1) Why did you decide to volunteer for the food project serve and grow program?

I jumped at this opportunity to volunteer with the Food Project’s Serve and Grow program because I’m very interested in urban agriculture as a means to increasing urban residents’ access to healthy, energy-efficient and affordable food. I was also excited to volunteer because I’m inspired by the Food Project’s mission of bringing urban and suburban youth and adults together to work on farms, to learn about the food we eat and to build a sustainable food system.

2) What did you enjoy most about the experience?

We had beautiful weather for our morning of farming. I especially enjoyed transporting compost that had been produced on the farm and using it to create planting beds, in which we planted garlic for next season.

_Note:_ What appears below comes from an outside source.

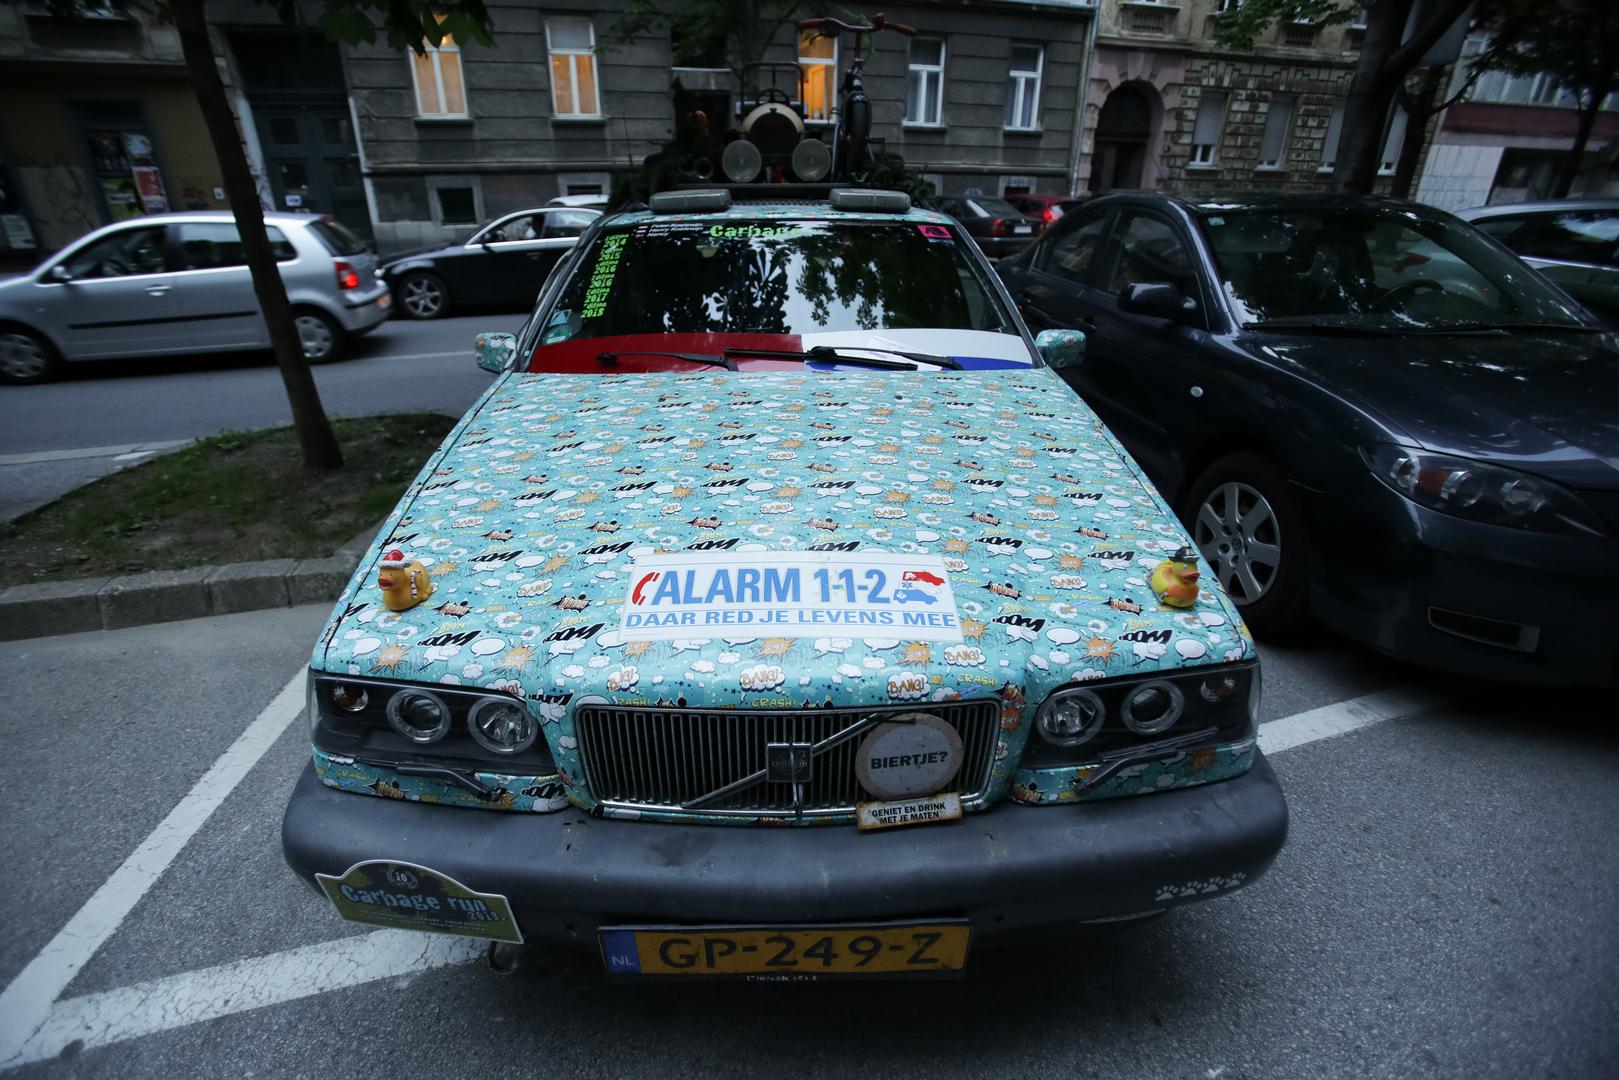 Skupina šarenih automobila nizozemskih tablica našla se danas u Deželićevoj ulici u Zagrebu.

I also enjoyed meeting and working with the local youth, who have developed excellent leadership skills, and seeing old friends and new faces among the BBA volunteers.


3) Did you learn anything new or interesting?

This is my third time volunteering with the Food Project, and I learn new things about the Food Project and the food system every time. This time, I learned, among other things, that 25% of young adults are too obese to qualify for military service, and that the average fast food meal consists of over 1,600 calories, compared to 500 in the average homemade meal. Facts like these underline the importance of increasing access to healthy and affordable food in heavily populated urban settings, which can be achieved in part by growing the food locally, at farms like the one in Lynn.

Thanks, Phelps – we couldn’t have said it better ourselves. Kudos to the 11 who spent their Saturday morning making an impact on the local community… and on parade day, no less.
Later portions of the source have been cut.